Dr Healy says he has seen it before - in Study 329 - which looked at antidepressants (SSRIs) in children and adolescents. A 15-year-old boy was dropped from the trial after being diagnosed with an “intercurrent illness”.
It was only by chance, that later, Dr Healy found out that the trial participant developed homicidal behaviours two weeks after taking the SSRI, which Dr Healy says was almost certainly induced by the drug.
But because the young boy was diagnosed with an “intercurrent illness” in the trial, it meant that the investigators did not have to write up a narrative explaining why this patient was dropped from the trial.
In AstraZeneca’s Phase III trial of its vaccine, the one in which Brianne Dressen was a participant, the study stated;
“Deaths that were adjudicated as not related to Covid-19 were treated as intercurrent events and therefore censored at the date of death.”

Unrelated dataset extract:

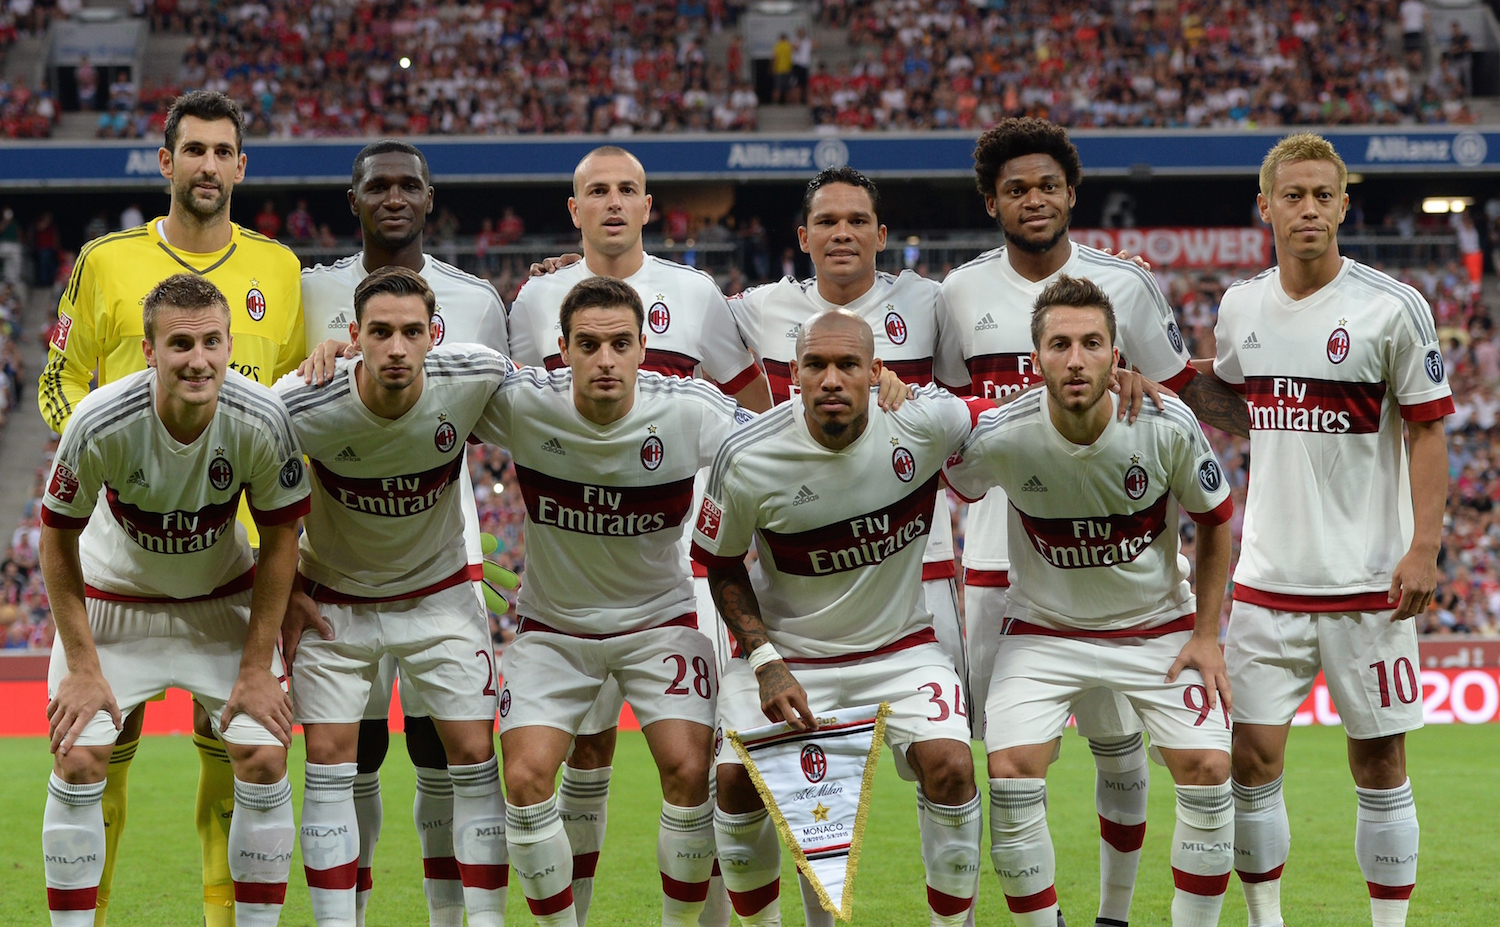 Milan in 2015 Audi Cup action. | CHRISTOF STACHE/AFP/Getty Images

Dr Healy said, “This may well be a sink-hole into which deaths from the vaccine have vanished. Patients with strokes, heart attacks or thrombotic events may have all vanished here, the justification being that they must have had a dodgy heart or another pre-existing [or intercurrent] illness.”
Vaccine-related deaths
When publishing deaths in the trials, Dr Healy points out that investigators do not link the vaccine with any deaths that occur immediately after the first dose of the vaccine, up to 14 days after the second dose of the vaccine.
In other words: 1) first injection, 2) wait for three weeks before having second injection, 3) wait a further two weeks. That is a total of five weeks where deaths are not considered to be vaccine related.
The investigators say it is because participants are not “fully immune” until two weeks after their second dose. That is true.
However, it fails to capture any deaths that might be caused by the vaccine in that five-week period.
Dr Healy was very critical of this method of data collection.
“Randomised controlled trials are not supposed to allow decisions like this. All deaths should be reported. The company can say that they do not think the deaths were caused by the vaccine, but we need a chance to know how many there were and decide if these need further investigation,” said Dr Healy.
It is important to know because real world data obtained from the CDC (as at 25 June 2021) shows that the majority of reported deaths after a Covid-19 vaccine, occur within 30 days.
This surveillance data cannot establish a causal link with the vaccine, but the signal is considered significant, especially if deaths linked to the vaccine are not being captured in the controlled trials.
The lesson from “controlled trials”
Data about the safety of vaccines are just as important as the efficacy, although, the media and public health officials often focus on the latter.
So far, reports of serious, life-threatening adverse events linked to the vaccines have not been found in the “gold standard” controlled trials. They were only detected once hundreds of thousands of people had been vaccinated.
Myocarditis, for example, only emerged from Israel once they started rolling out the Pfizer vaccine to the population. And reports of vaccine-induced thrombotic thrombocytopenia (VITT) linked with the AstraZeneca vaccine first emerged from European surveillance systems, not controlled trials.
If all Covid-19 vaccine trials are funded, designed, conducted, and analysed by the manufacturers - which is known to distort the results to favour the sponsor’s aims - then more should be done to gain access to the data to allow for independent scrutiny.